After setting the pattern of discipline, Jesus continues in our text by talking about something that should sound familiar to us. Remember the keys of forgiveness and binding t we heard Jesus give to Peter and the Apostles in our reading a couple weeks ago? Here Jesus repeats them as he reminds the church of the great power we have to lead sinners to repentance. In verse 18 Jesus says: “Truly, I tell you, whatever you bind on earth will be bound in heaven. And whatever you loose on earth will be loosed in heaven.” Again, Jesus is talking about sin. If someone wants to continue in their sin and bind themselves to it, then the church will sadly say announce that they are indeed bound to that sin still, along with all its consequences for life and eternity. It’s our duty to tell them the gates of heaven are closed to the sinner who does not repent. But if they repent, if they recognize their wrong, and look for a better path, then it’s our joy to announce that they are indeed forgiven. Their sin is bound to them no more. They are free of guilt and burden, and the gates of heaven are wide open in Christ.

This is the Church God wants. A Church that honestly calls out each other’s sins so that we can joyfully call out to each other God’s forgiveness. We call this God’s Law and God’s Gospel. The law that knocks down a sinner’s pride and self-reliance. That leads us to humility and a recognition of just how far short of God’s perfection we fall. But that law leads us to appreciate and rejoice in the gospel, that good news that our Father in heaven is not only perfect but also perfectly merciful. That his Son Jesus took our punishment so we don’t have to face it. That Jesus died, once for all, the perfect for the imperfect, the righteous for the wicked. That good news that we are children of God by faith. A church that doesn’t preach the law doesn’t appreciate the Gospel. And a church that doesn’t know the gospel has no foundation of certain hope. Praise God that we are a church of tough and tender love, upholding the law and preaching the Gospel.

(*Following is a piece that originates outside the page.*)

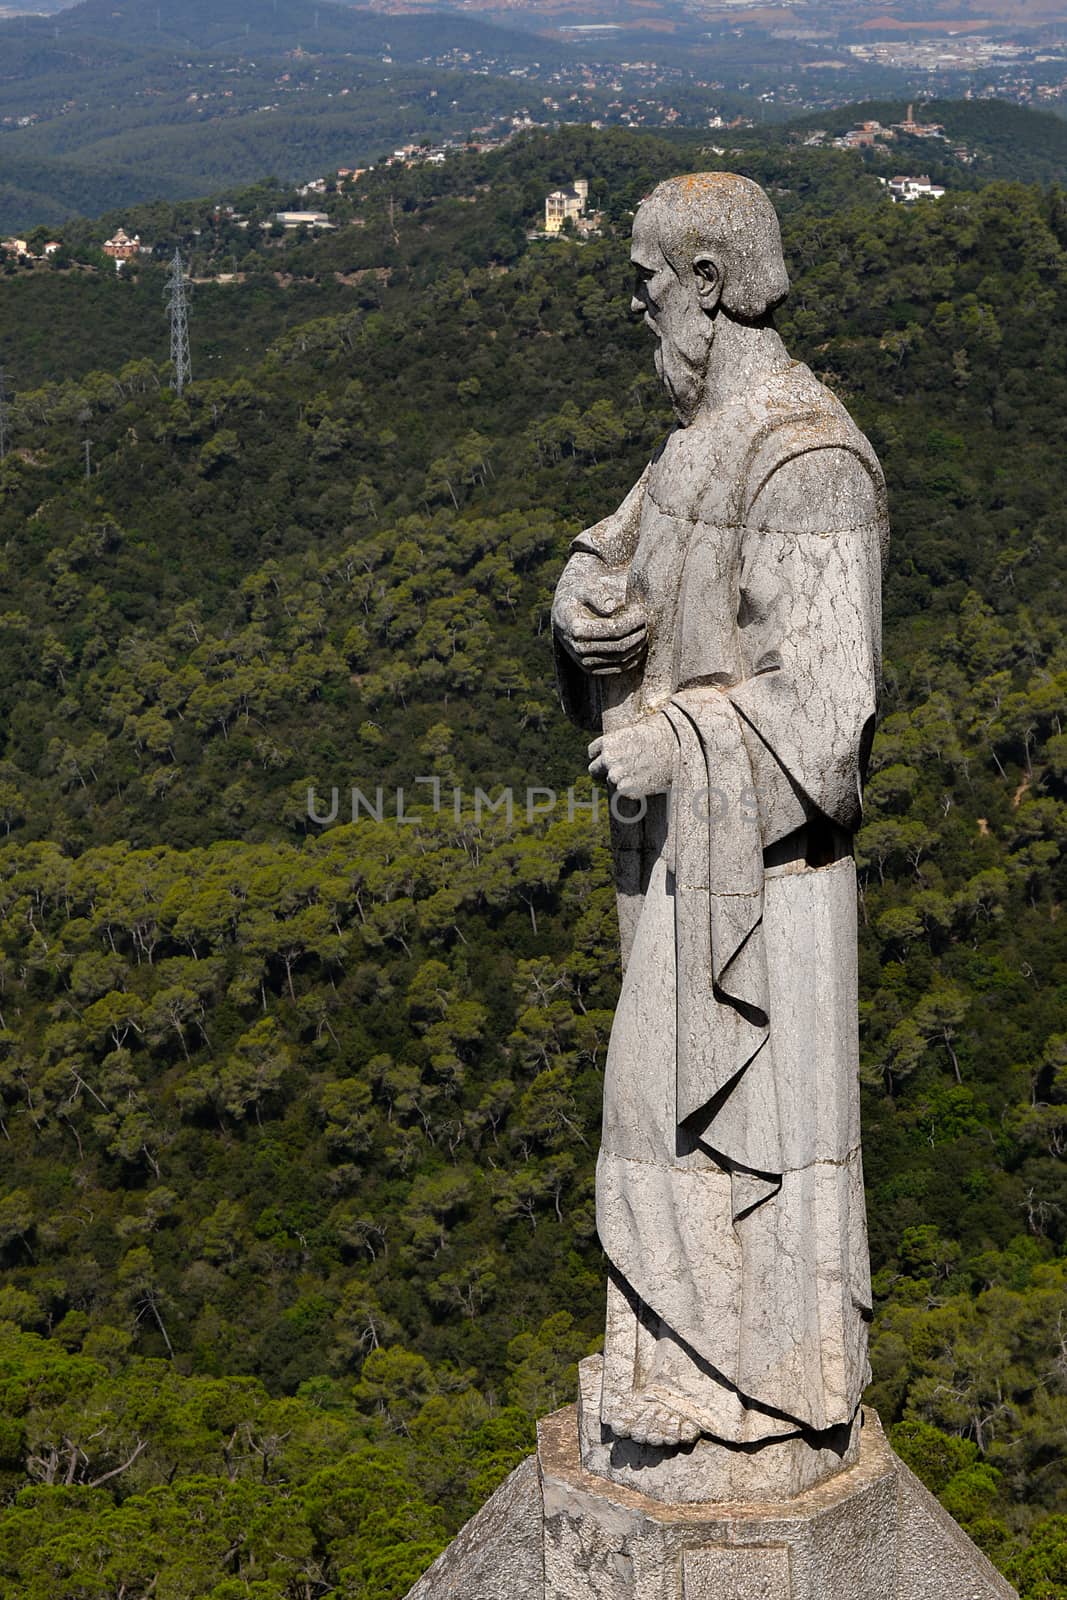 The statue on the tower of the Church of the Sacred Heart

And where’s your place in this? Well, who better to take the message of God’s forgiveness to a sinful person than a sinner like you who knows God’s love and forgiveness by experience? Every one of us has fallen into sin. And every time God has come to us and brought us back into his fold. You don’t have to be a pastorally trained theologian to take this law and gospel out to sinners. You’re an expert in it because you live it every day. Think about the people in your life. Who right now doesn’t know the forgiveness that you know? The hope that means everything to you for eternity? Or even more, who do you know that once knew this grace of God, but now is in danger of losing it all because they choose sin instead of grace? Go to that person this week. Point out their sin, but emphasize God’s grace. There is no sin too great, no person too unworthy, for him. He did the work to pay for sins, and we are the ones who get to bring that news to sinners. This is the Church God wants. Pray that he would use us to rescue souls from the grip of sin.

Discipline is never easy, but we all recognize how important it is. To our children, our families, and for ourselves. Brothers and sisters in the Church of God, take up your place and speak, with words of tough and tender love. Of law and gospel. Of repentance and peace. And may we all be blessed as we more and more reflect the Church God wants. Amen.